We also have the Forcepoint nonsense.
Working at a large company (also not one of the famous silicon valley tech companies) and if you get a macbook, they are managed remotely and have BitDefender installed.
Also, p4merge is the best merging utility for any VCS, and I always install it alongside git if I work in Windows.
What makes it "the best" ? Honest question, i found it kludgy and settled for Kdiff3.
Enterprise volume licenses. It probably cost them less than the time/money they'd lose if you spenta few minutes trying to figure out how to open some file sent by non-devs.
Nice graphical tooling and sane developer experience.
Perforce integrates very nicely with a whole bunch of third party tools in a way git does not, and is on the whole a lot easier to use for most people than git (and I'm saying this as someone who doesn't like Perforce at all)

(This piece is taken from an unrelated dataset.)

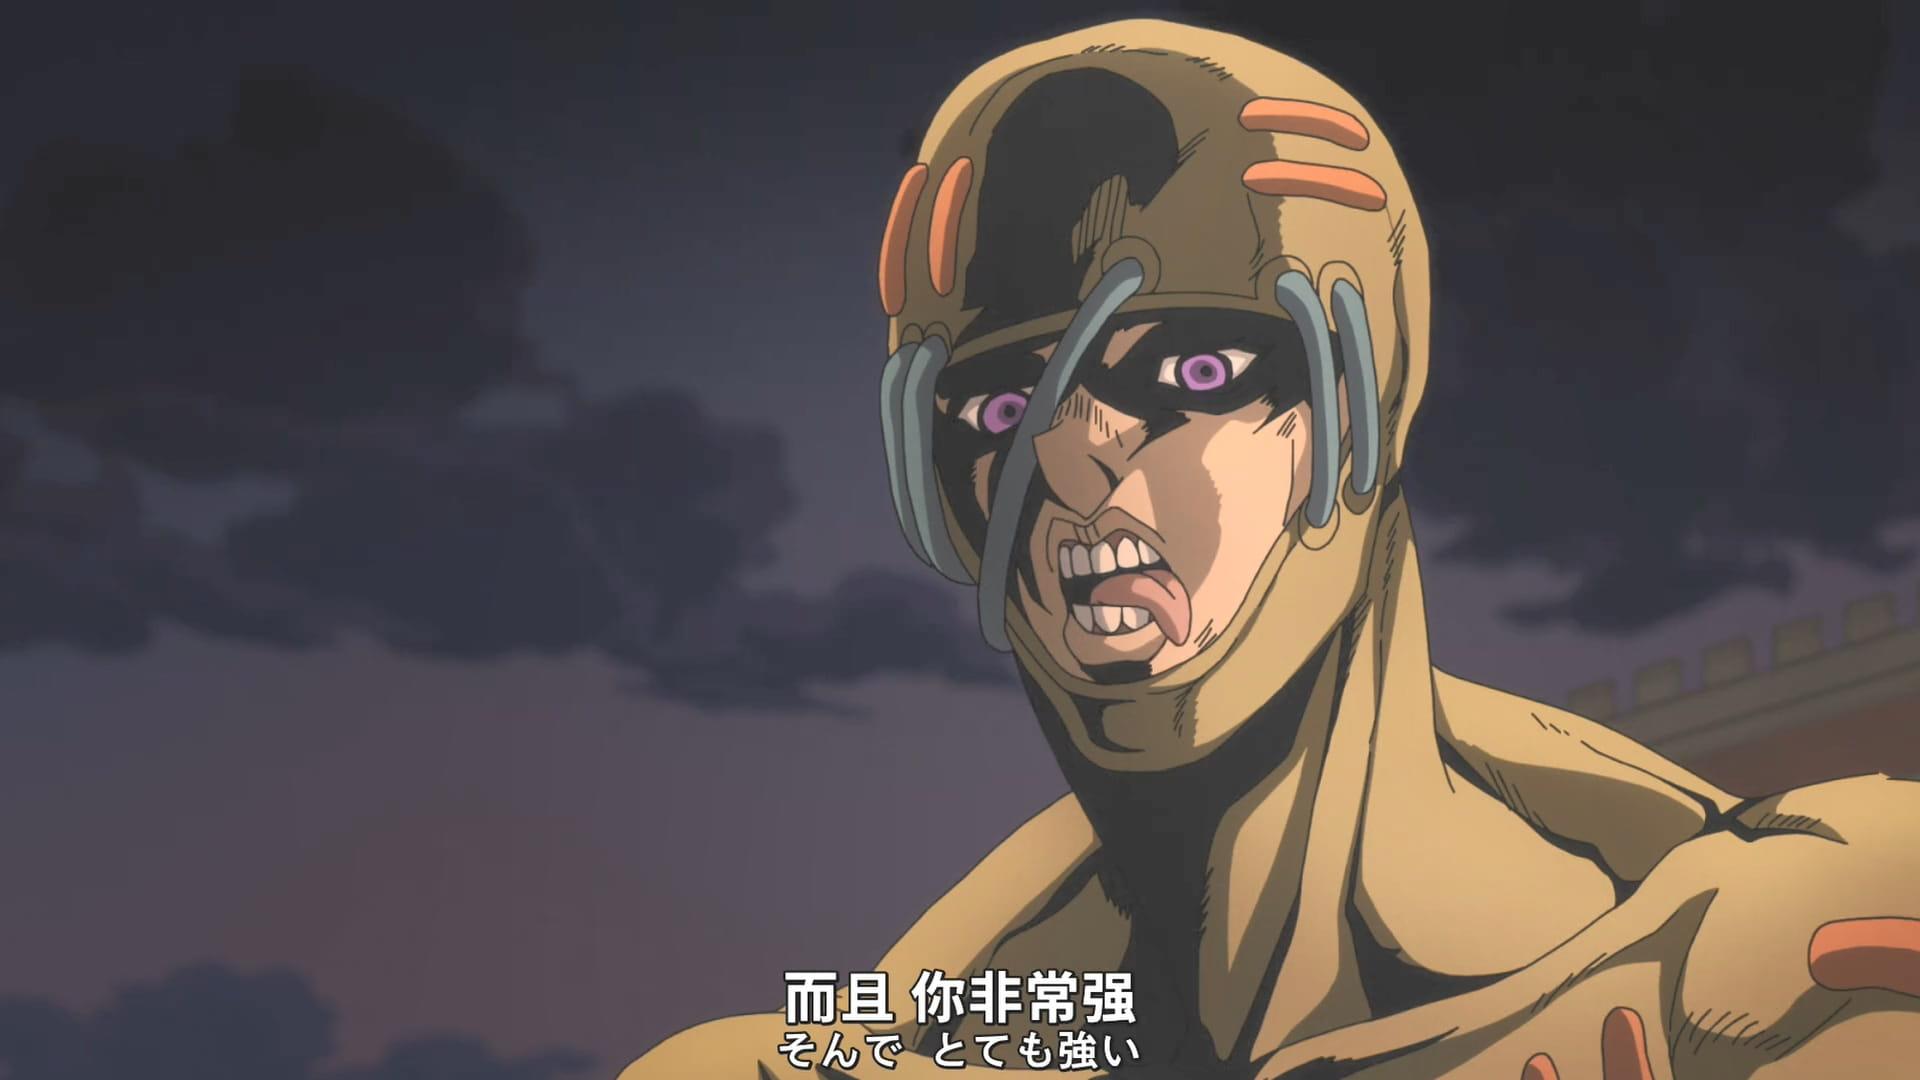 你以为是canine?其实是Zentai哒!

Said as someone who likes perforce. Having hundreds of developers working with large binary files was incompatible with git until very recently.
Maybe 5+ years ago?
All my actual work was done on Unix/Unix-like machines on our own old network, something we clung on to after acquisition.
I used to really like Mac OS X, but nowadays it feels much less polished and much more annoying. It might just be nostalgia, but I remember Leopard being more responsive and having fewer pop-ups (Screw you, iCloud! I don't want to synchronise my files!).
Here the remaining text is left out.